吉村昭『羆嵐』のモデルとなった三毛別事件の真実を生々しく綴る大傑作ノンフィクション

文:増田 俊也 (作家)

『慟哭の谷 北海道三毛別・史上最悪のヒグマ襲撃事件』 (木村盛武 著)

出典 : #文春文庫
ジャンル : #ノンフィクション

『慟哭の谷 北海道三毛別・史上最悪のヒグマ襲撃事件』 (木村盛武 著)

 本書は北海道開拓時代に起きた三毛別ヒグマ事件――一頭の巨大ヒグマが一週間にわたって開拓部落を襲い、七人を食い殺して三人に重傷を負わせた凄惨な事件を、克明かつ詳細に綴った記録である。

 事件は、冬眠に失敗して餓えた凶暴なヒグマが、開拓部落の一軒の家を襲ったことから始まる。預かり子の幹雄は一撃で撲殺され、阿部マユが血まみれにされて熊に咥えられ山に連れ去られた(後に大半が食された無残な死体が土中から発見された)。

 この事件を受け、最終的に北海道警のほか、陸軍歩兵連隊、消防組、青年団など、官民合わせ延べ六百人、アイヌ犬十数頭、鉄砲六十丁もの大討伐隊がこのヒグマに挑んでいく。しかしヒグマは吹雪と暗闇にまぎれ執拗に開拓部落を襲撃し、一人、また一人と人間を食い殺す。万策尽きた人間たちは殺された仲間の遺体を囮にしてヒグマをおびき寄せるという最終手段に出たが、ヒグマはそれをあざ笑うかのように人間たちを翻弄していく。いったいどうしたらあの悪魔を倒せるのか――。この稀有なモチーフとリアルな描写で、本書は日本文学史に永劫語り継がれるであろう大傑作ノンフィクションとなっている。

 私自身、この事件をモデルにして書いた『シャトゥーン ヒグマの森』(宝島社)という小説で十年ほど前に作家デビューしている。新人賞受賞を目指す作品で、なぜこの事件をモチーフにしたのかというと、人間による過去のどんな殺人事件を調べても、この三毛別ヒグマ事件の前にかすんでしまったからだ。
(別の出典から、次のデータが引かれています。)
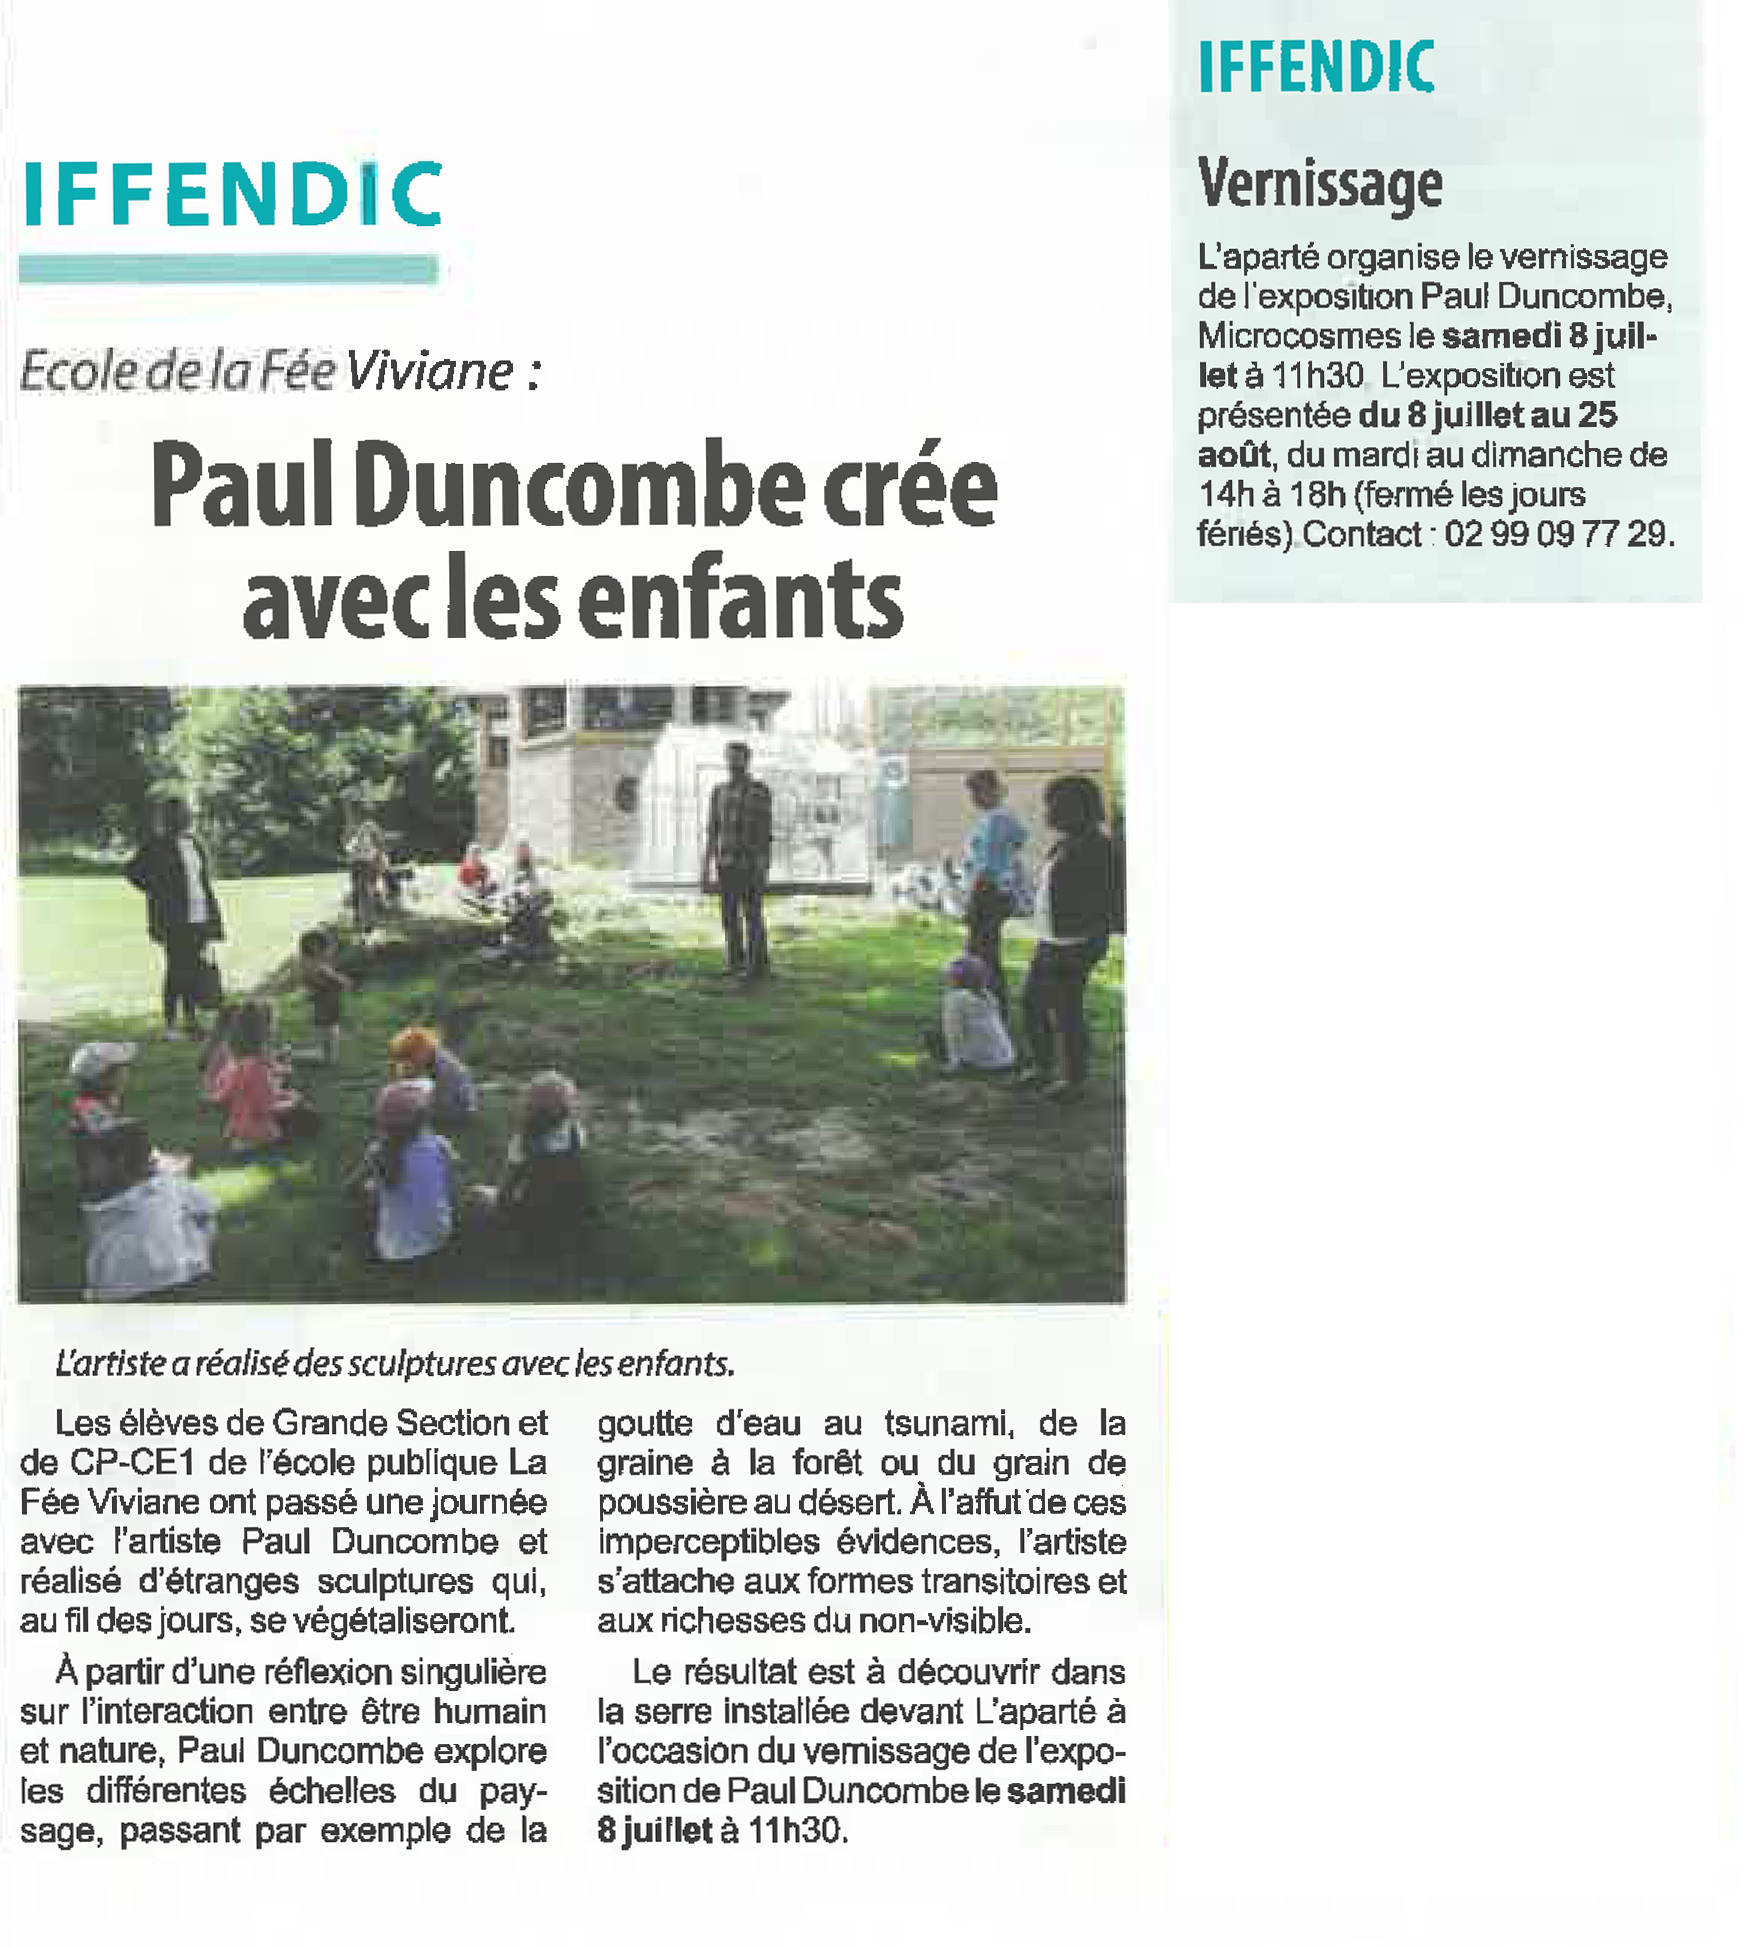 Hebdomadaire d'Armor du 7 juillet 2017

シリアルキラーによるどんな猟奇的な連続殺人事件も、このヒグマによる食害の凄惨さに比べたらかすんでしまったからだ。

 戦前の高専柔道の流れをくみ旧帝大の七校だけに伝わっている寝技中心の七帝柔道をやるために私が北海道大学へ入学したのは、一九八六年(昭和六十一年)、二十歳のときのことである。

 自伝的小説『七帝柔道記』(KADOKAWA)にかつて書いたように、きっかけは愛知県立旭丘高校時代に名古屋大学柔道部員に入部勧誘を受けたことだった。

 あれを読んだ方に「どうして名古屋大学ではなくて北海道大学を選んだんですか」とときどき聞かれるが、その理由こそ、北海道大学ヒグマ研究グループ(略称クマ研)の存在にあった。

 このクマ研は一九七〇年代、北海道大学の学生たちによって設立された任意団体だ。簡単にいってしまえばサークルのひとつなのだが、この団体が長い間かけて世界のクマ研究界に果たした功績は計り知れない。農学部、水産学部、理学部などのさまざまな学部を横断し、当時ほとんど知られていなかった野生ヒグマの生態をフィールド調査中心に行っていた日本唯一の団体だった。

 私が二年間の浪人生活の間に参考書より繰り返し読んでいたのが、井上靖が高専柔道にかけた青春を綴った自伝的小説『北の海』(新潮文庫)と、この北大ヒグマ研究グループの共著『エゾヒグマ~その生活をさぐる』(汐文社)である。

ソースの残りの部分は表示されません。